Last trip to Memphis for my granddaughter’s treatment for leukemia at St. Jude’s Children’s Hospital. Rain is pelting the windshield, wipers fighting the force of water and wind then spots of no rain at all. It is a symbolic example of our three year journey coming to a close. We pull into the parking lot of the Tri-Delta House where we have a room reserved for us. We see new people and the familiar ones still fighting and hoping for a cure.
The next morning we arrive for the first of three MRI’s and labs, CAT scans and psychological testing that takes up the entire day. Tomorrow is full of appointments also. Humidity is heavy and it bears down on already stressed out emotions. Parents walk around downtrodden. Eyes vacant, trying to follow directions like good little boys and girls in hopes that a reward of a miracle of life will happen for their child. Robotic migrations from clinic to clinic carrying the all-important daily schedule that can change at any moment and invariably does. Waiting rooms are around every corner because that’s what you mainly do. They are filled with distractions for the child waiting for what they know will be the next painful procedure. Parents hate it too but there’s nothing left now except faith and hope and perseverance.

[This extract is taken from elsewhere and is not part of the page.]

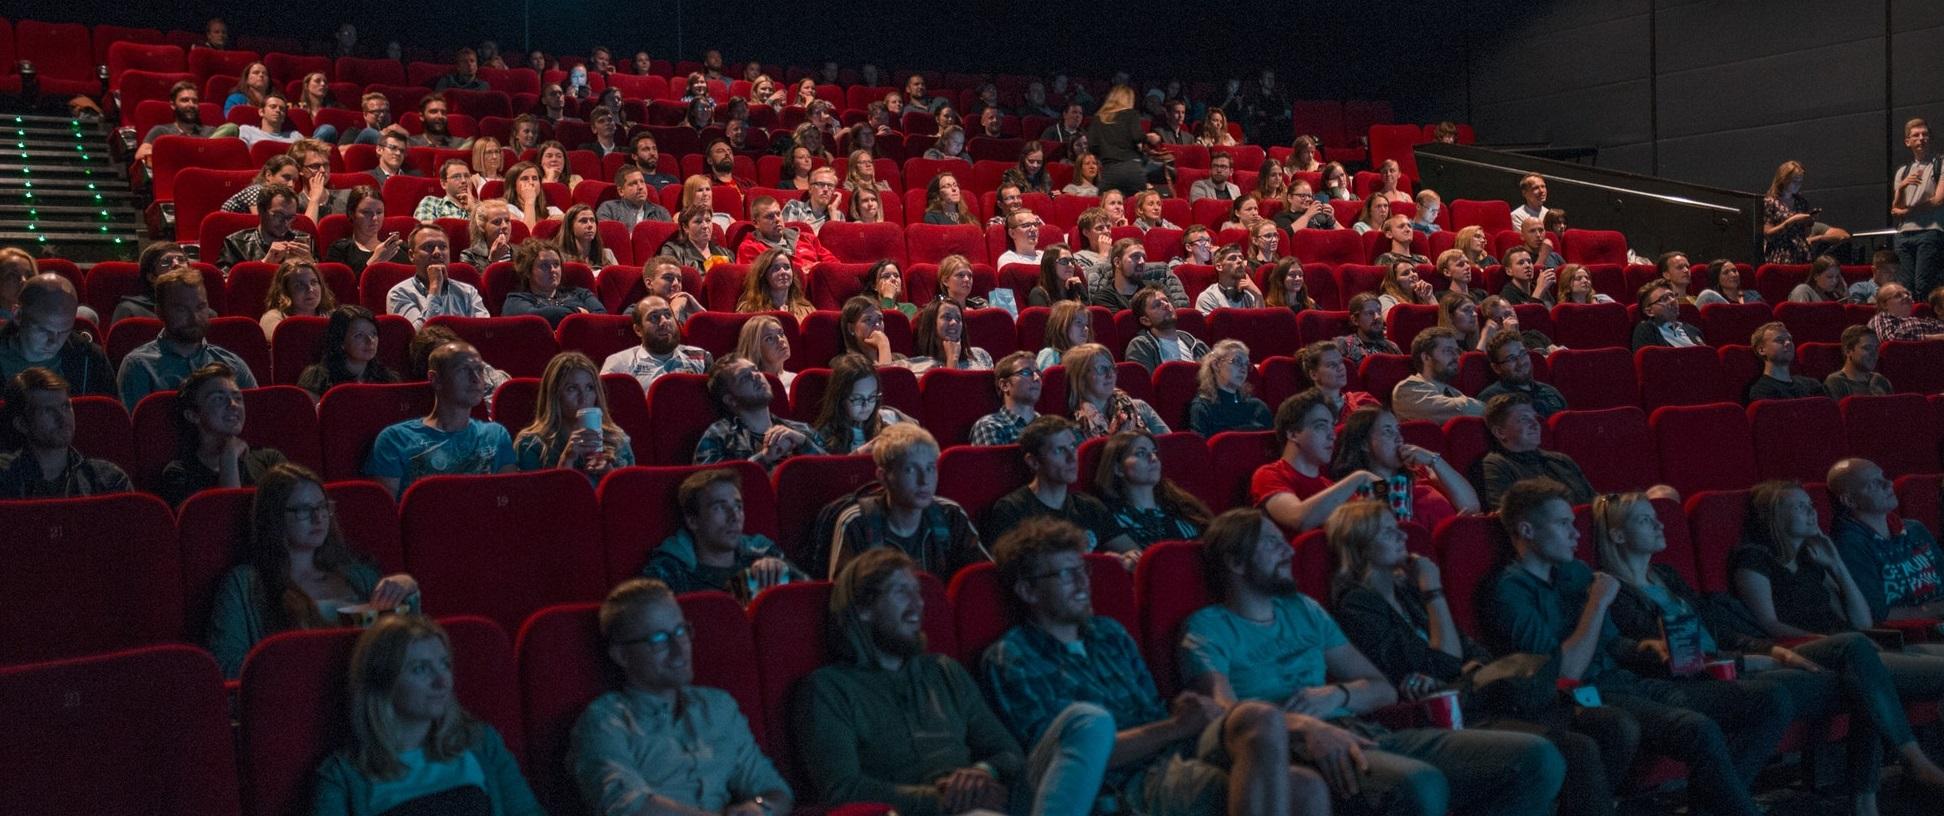 Información sobre los mejores actores, películas, últimos estrenos, la historia del cine y mucho más.

It is an atmosphere of controlled chaos and a test of human endurance as to how many emotions you can shove down internally and keep from your frightened child moment by moment. Your own silent scream must remain that way until the end whatever that brings.
The lodgings are more than adequate. Living rooms, play and game rooms are adorned with beautiful furnishings, toys and up to date technology. Every wall has painted murals of landscape and animals that most of the children will not get to see, for real, for a long time. Some huge temporary houses like McDonald’s House have several big kitchens so you can make your own meals during the long term stays. The compound is gated and ran like a 4 star resort only what you are going to experience has nothing to do with pleasure and relaxation.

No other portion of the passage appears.